# EXERCISE GOAL
The data that follows must be transcribed in full and exactly, minus the pictures.

# SUPPLIED INFORMATION
==*==
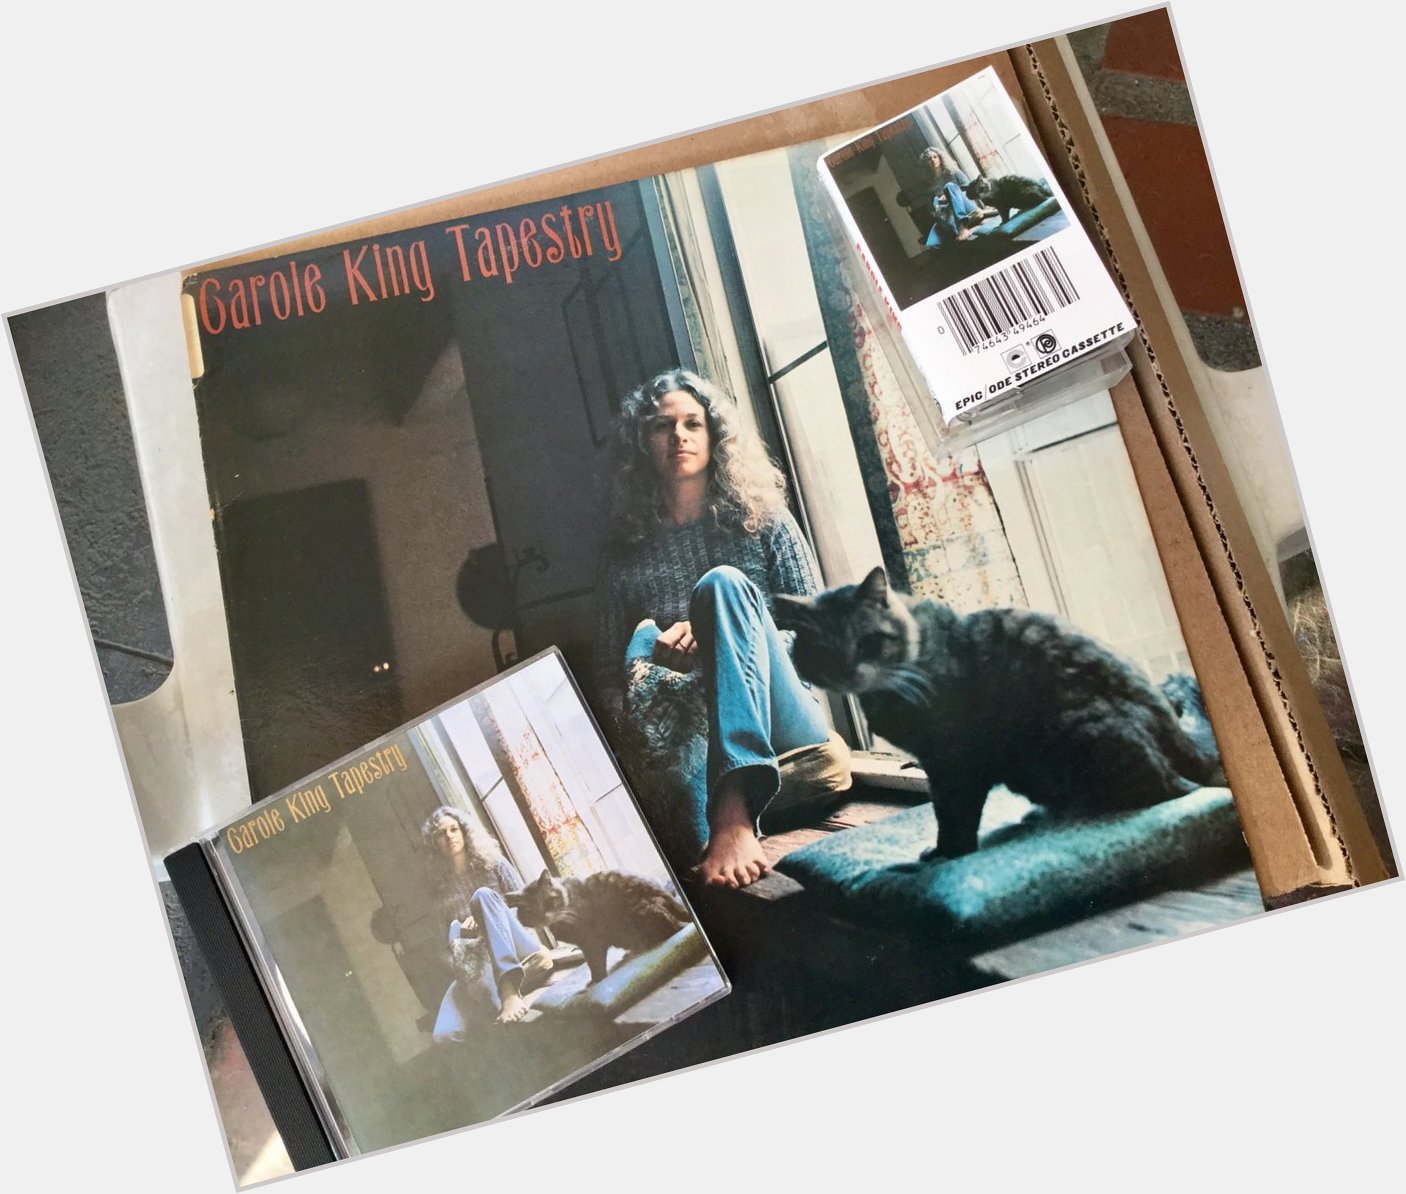 Happy Birthday, Carole King. Thanks for the gift of your music and this all-time great album, Tapestry. 
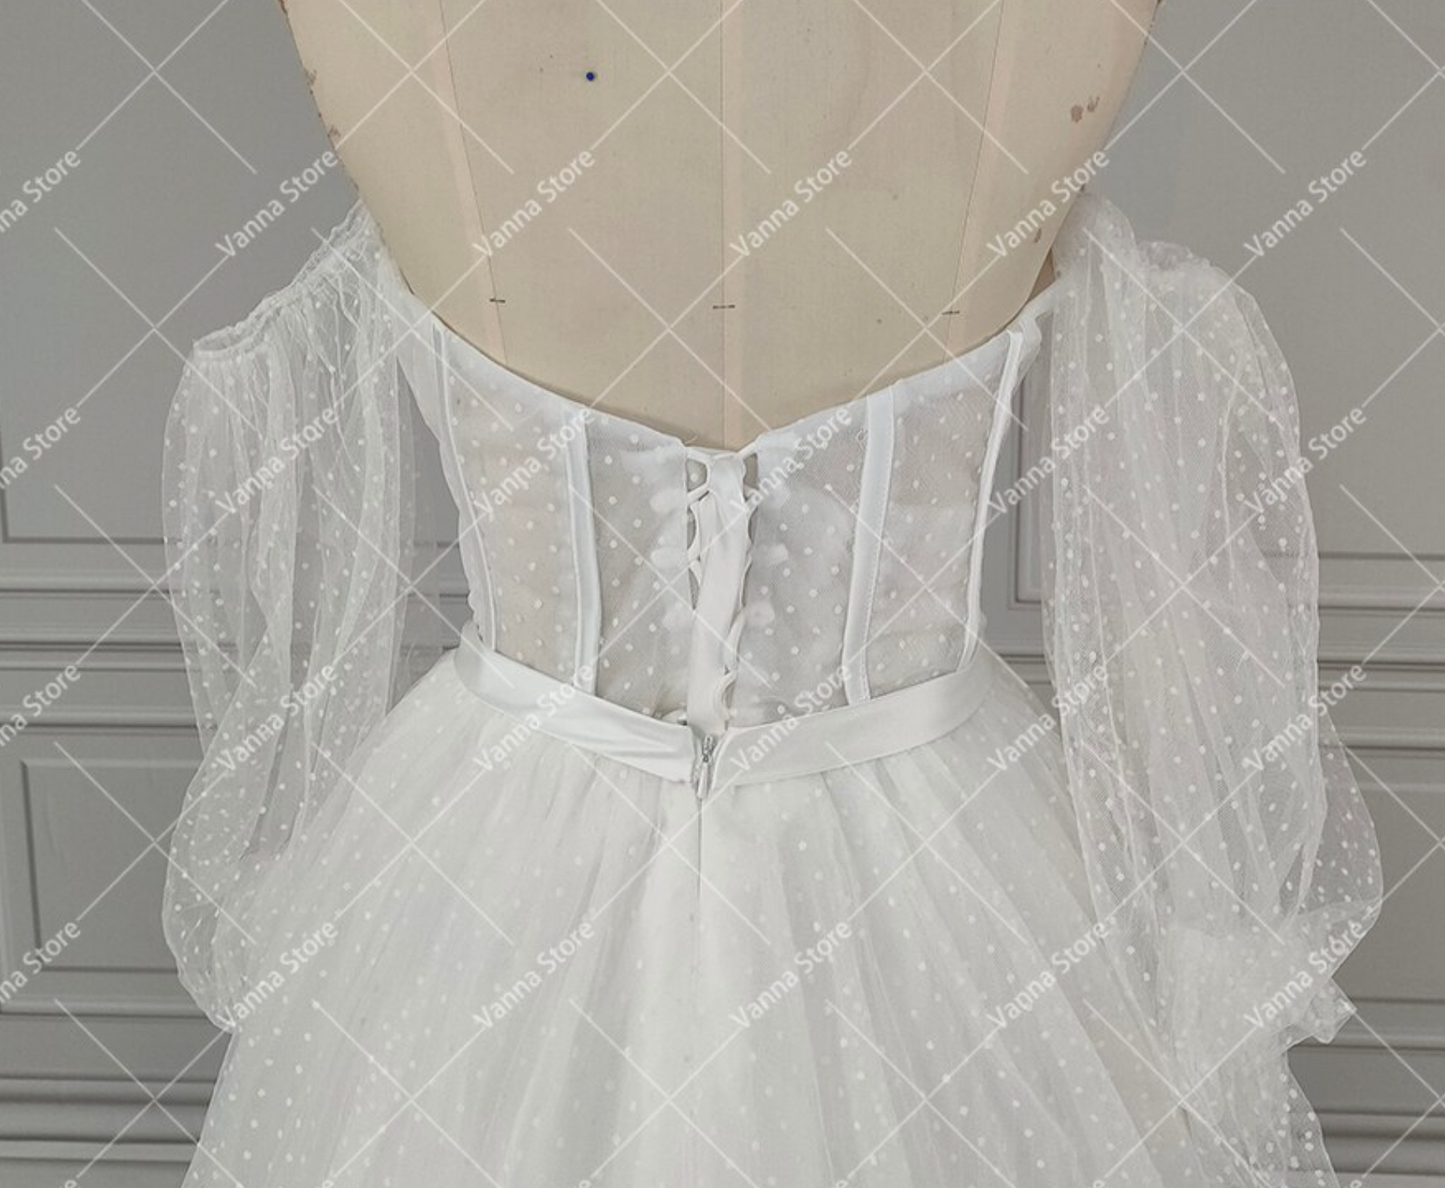 Load image into Gallery viewer, Lantern Sleeve Sweetheart Polka Dot Tulle A Line Wedding Dress
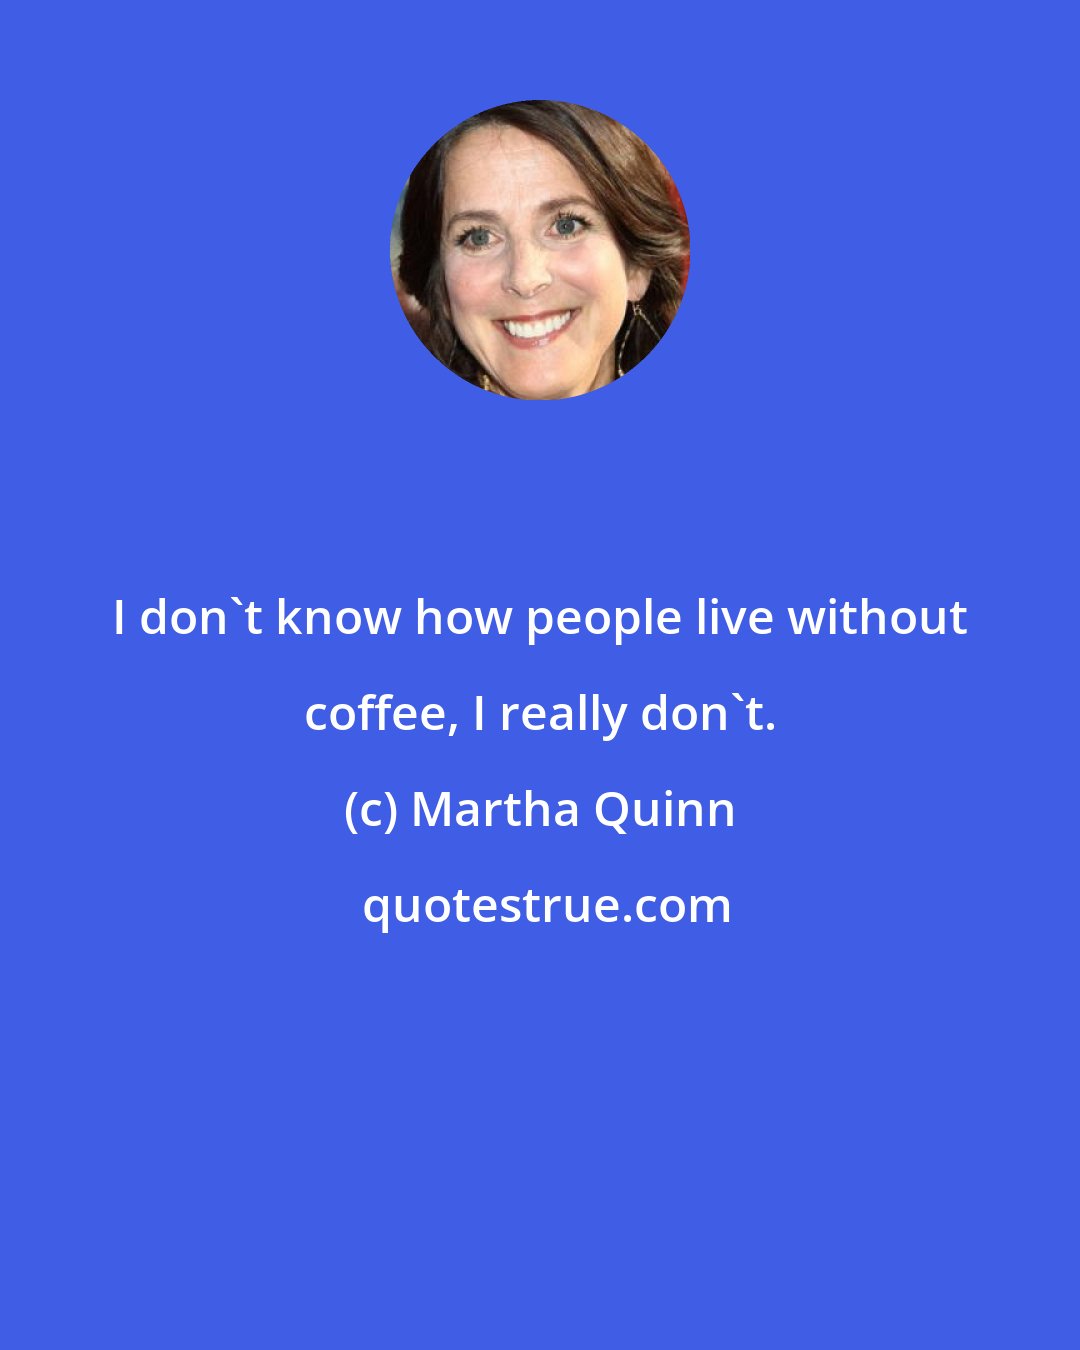 Martha Quinn: I don't know how people live without coffee, I really don't.
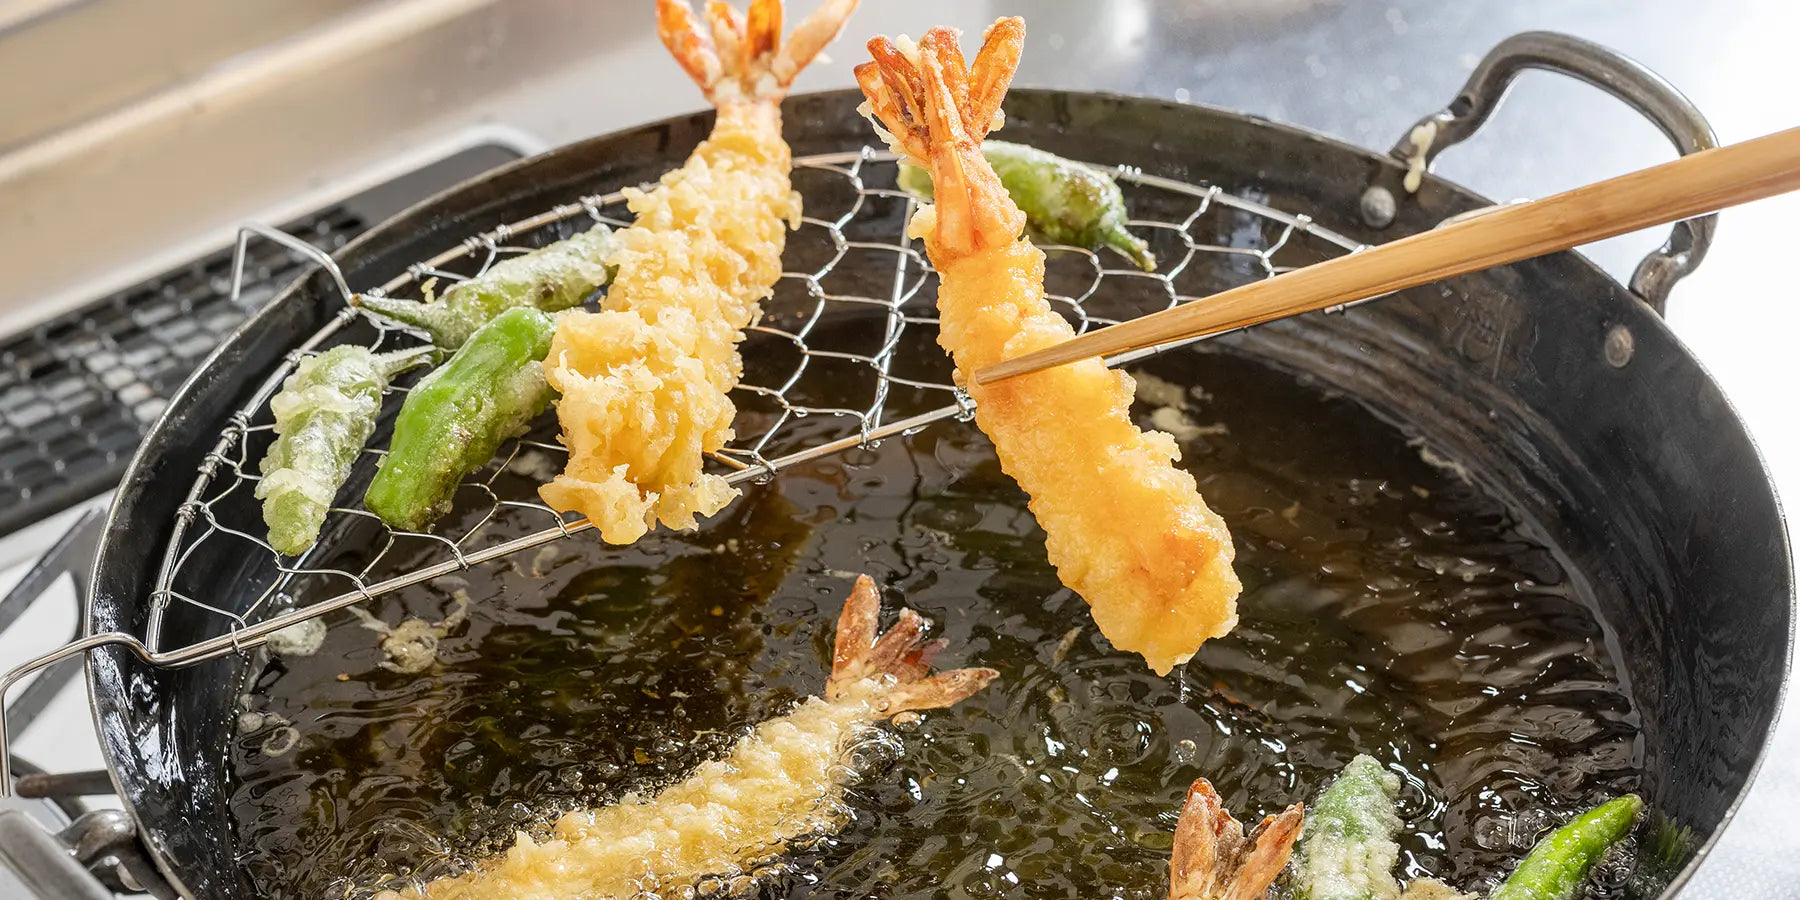 Discover our great selection of Tempura Pans at Globalkitchen Japan.
==*==
# ANSWER BOX
 Happy Birthday, Carole King. Thanks for the gift of your music and this all-time great album, Tapestry. 
 Load image into Gallery viewer, Lantern Sleeve Sweetheart Polka Dot Tulle A Line Wedding Dress
 Martha Quinn: I don't know how people live without coffee, I really don't.
 Discover our great selection of Tempura Pans at Globalkitchen Japan.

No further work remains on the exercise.